Common Causes of Low Libido
Lifestyle Factors
Chronic stress, sleep deprivation, fatigue, and overwork can suppress libido. Couples with demanding careers, children, or financial pressure often find themselves too drained to initiate or receive sexual affection. Sedentary living, poor nutrition, and high levels of screen time also reduce overall vitality and sexual responsiveness.
Excessive pornography use contributes to distorted sexual expectations and lowered responsiveness to real-life intimacy. Studies show that frequent users may struggle to experience arousal in real-life sexual relationships due to desensitization and skewed perceptions of sex (Utah State University Extension, 2023).
Medication-Induced Sexual Dysfunction
Medication, especially psychiatric and cardiovascular drugs, are among the most common and under-recognized contributors to reduced libido.
Selective serotonin reuptake inhibitors (SSRIs), widely prescribed for anxiety and depression, frequently reduce sexual desire and arousal. Common examples include:
Fluoxetine (Prozac)
Paroxetine (Paxil)
Sertraline (Zoloft)
Citalopram (Celexa)
Escitalopram (Lexapro)
Other medications that may lower libido include:
SNRIs, such as venlafaxine (Effexor XR)
Tricyclic antidepressants, such as amitriptyline and nortriptyline
Antipsychotics, such as risperidone (Risperdal) and olanzapine (Zyprexa)
Mood stabilizers, such as lithium
Beta blockers, such as metoprolol and propranolol
Hormonal contraceptives, which may affect libido in some women
If libido changes coincide with the use of these medications, patients should consult a qualified provider. Often, dose adjustments or switching medications can help (Mayo Clinic, 2024a).
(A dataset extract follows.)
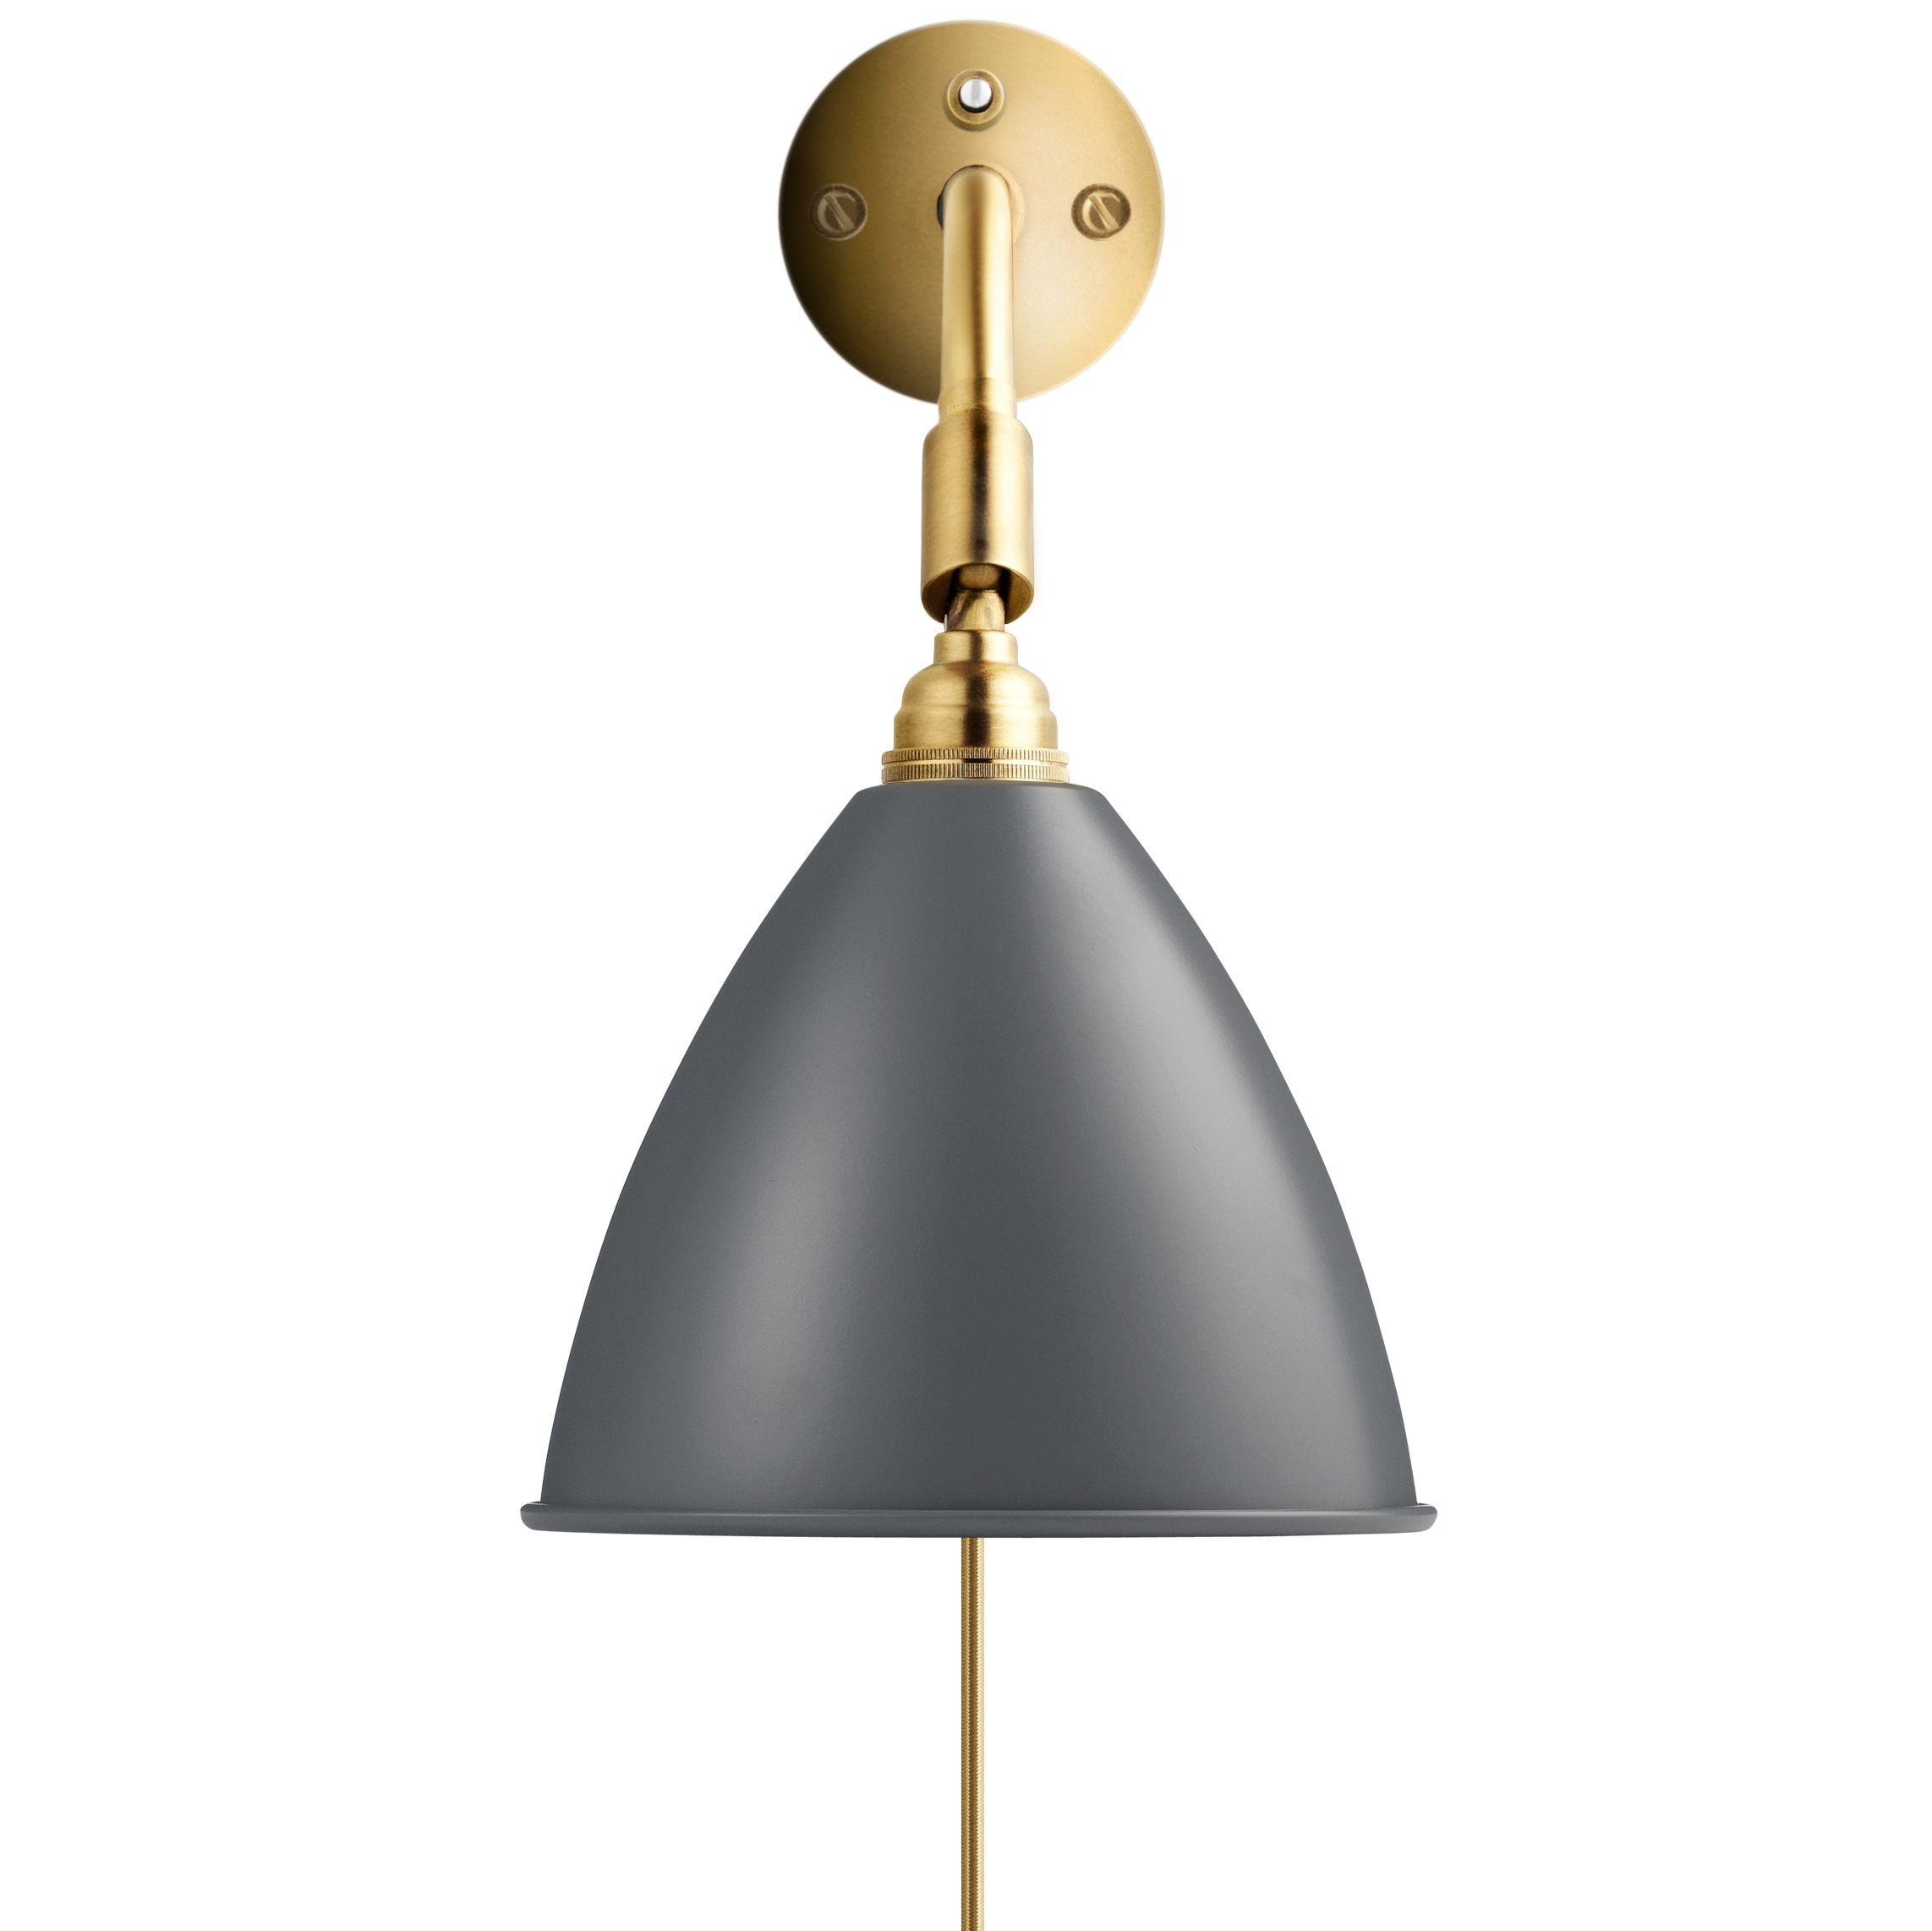 Gubi Bestlite BL7 wandlamp grijs/messing met stekker

Nutrition and Physical Health
Deficiencies in key nutrients like vitamin D, zinc, and omega-3s may disrupt hormone production and energy levels. Conditions like obesity, diabetes, and cardiovascular disease can impair blood flow and stamina, further suppressing sexual desire.
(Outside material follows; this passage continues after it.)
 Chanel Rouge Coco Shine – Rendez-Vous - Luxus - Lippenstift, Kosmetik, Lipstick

Fad diets and processed foods may exacerbate these issues. In contrast, whole-food diets rich in fruits, vegetables, lean protein, and healthy fats promote better circulation and hormone regulation.
Although many supplements claim to enhance libido, most are unsupported by research and some pose safety concerns. Always consult a health professional before using over-the-counter sexual enhancement products.
Psychological and Relational Factors
Mental health issues such as depression, anxiety, and trauma often reduce libido. Depression dulls the experience of pleasure. Anxiety, particularly performance anxiety, can make intimacy feel tense instead of inviting. Unresolved trauma or body image issues may also contribute to avoidance.
Relationally, emotional disconnection and unresolved conflict often precede physical withdrawal. Spouses may avoid sexual connection when communication breaks down or affection becomes routine. Coaching can help couples rebuild communication, trust, and emotional closeness that renews desire.
Hormonal and Age-Related Changes
Hormonal changes across the lifespan affect sexual desire. For women, libido may decline during:
Postpartum and breastfeeding
Perimenopause and menopause
Use of hormonal contraceptives
Low estrogen or testosterone may lead to dryness, discomfort, and reduced receptivity. For men, gradual testosterone decline after age 30 can lead to reduced interest, energy, and erectile function. If hormone imbalances are suspected, medical evaluation is recommended.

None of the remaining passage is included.